··· Record set

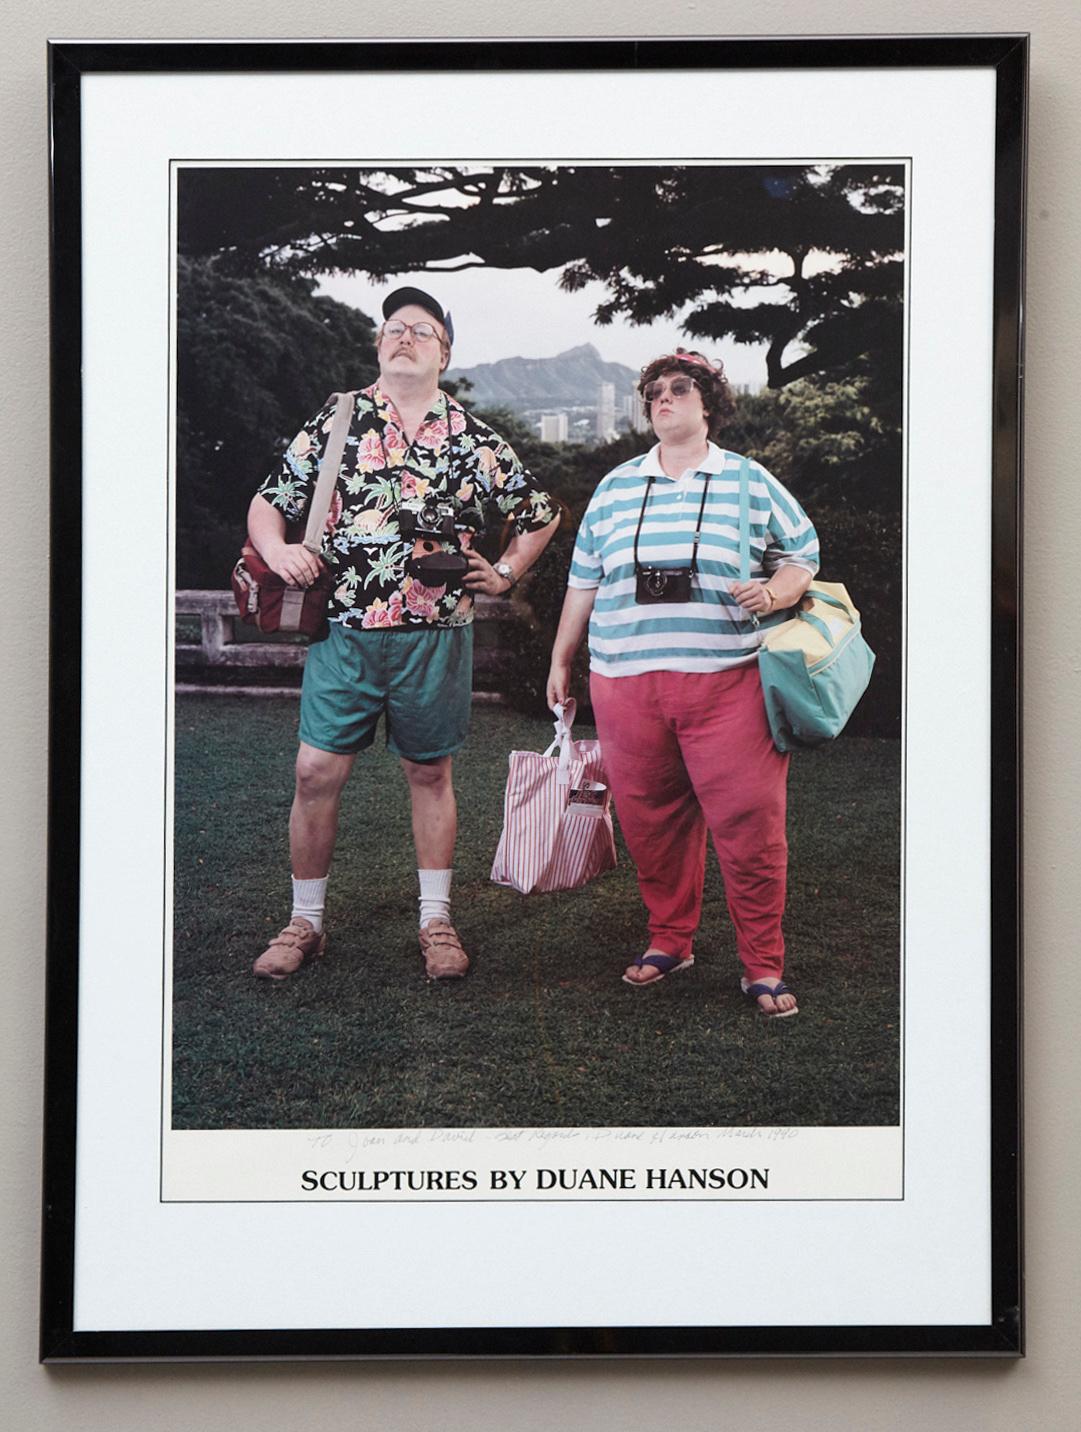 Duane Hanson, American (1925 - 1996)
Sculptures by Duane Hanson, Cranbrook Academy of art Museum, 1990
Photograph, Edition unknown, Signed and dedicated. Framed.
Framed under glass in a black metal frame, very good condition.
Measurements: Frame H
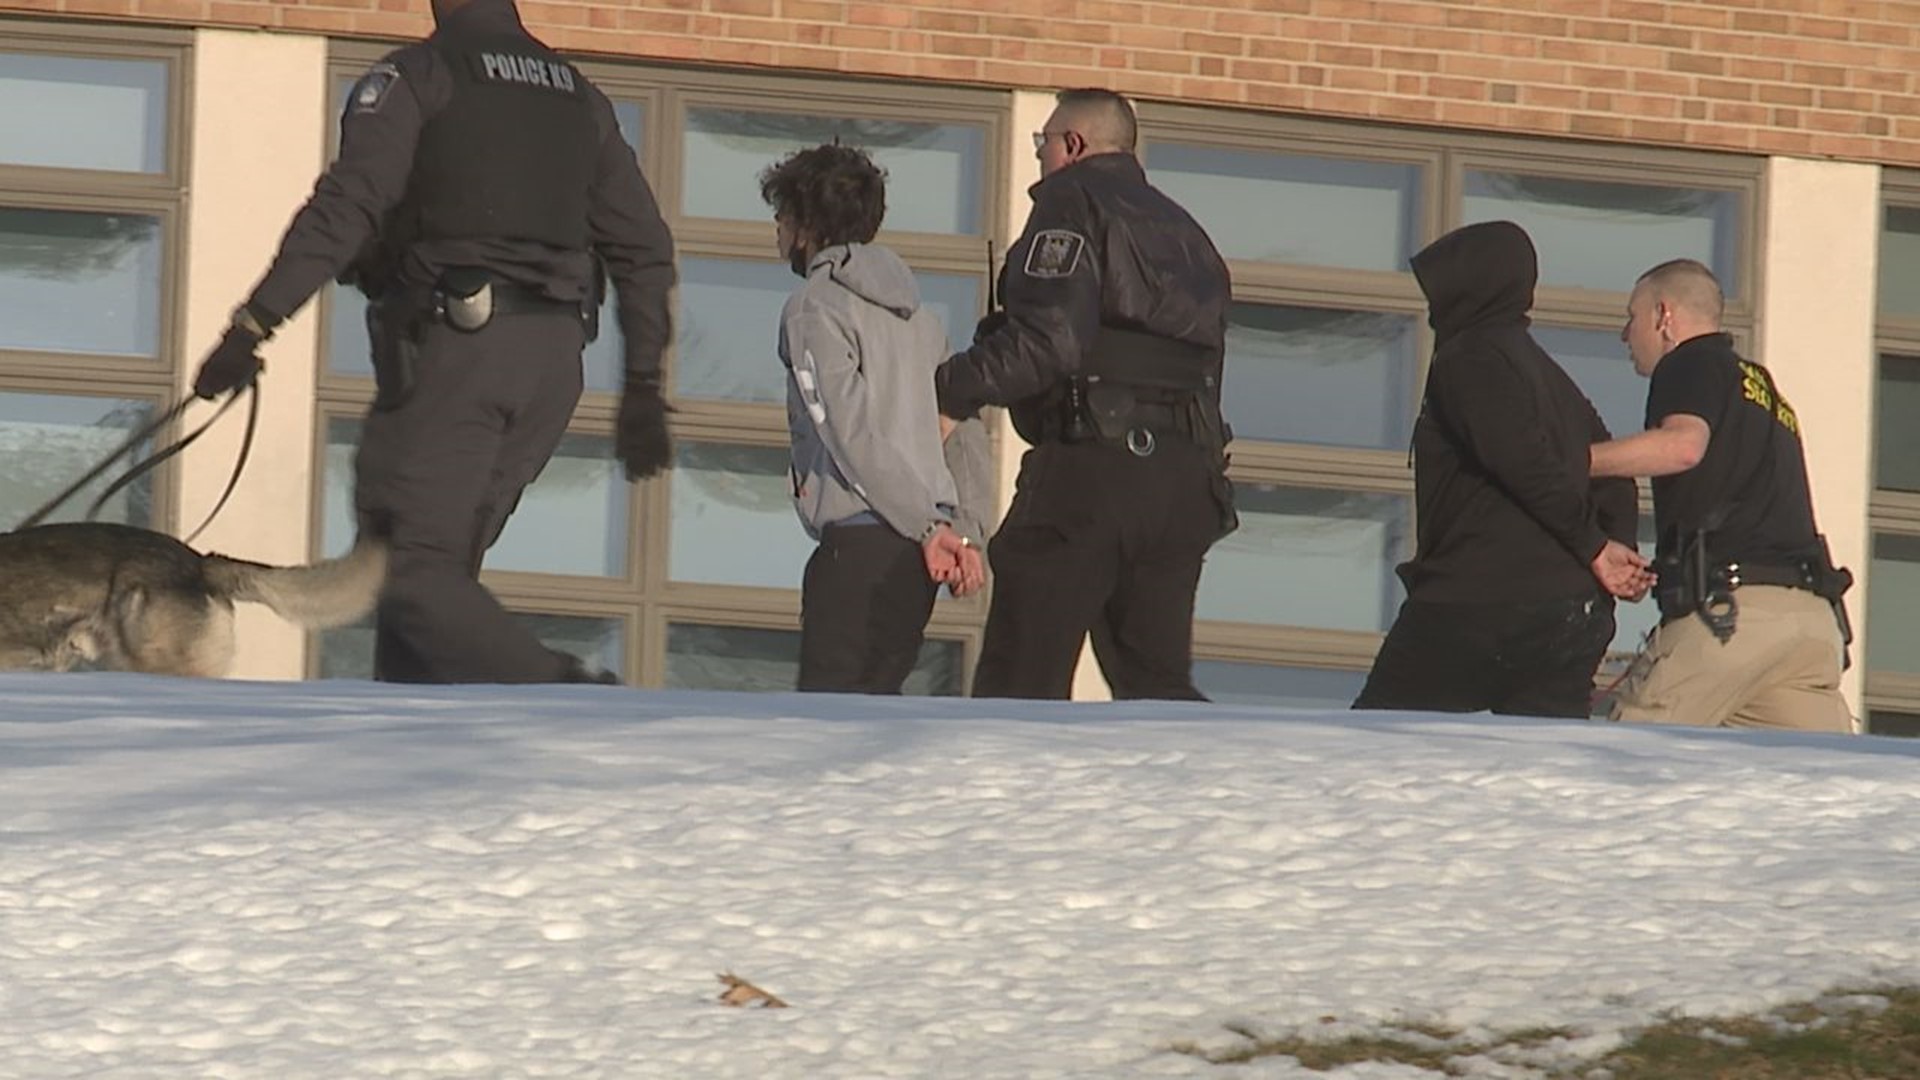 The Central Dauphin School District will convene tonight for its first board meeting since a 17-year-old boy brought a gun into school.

······

**What you have to do:**
The lines from the one that contains "Sculptures by Duane" through the end of the data, repeated exactly and with no pictures, make up the whole answer.

**Task result:**
Sculptures by Duane Hanson, Cranbrook Academy of art Museum, 1990
Photograph, Edition unknown, Signed and dedicated. Framed.
Framed under glass in a black metal frame, very good condition.
Measurements: Frame H
 The Central Dauphin School District will convene tonight for its first board meeting since a 17-year-old boy brought a gun into school.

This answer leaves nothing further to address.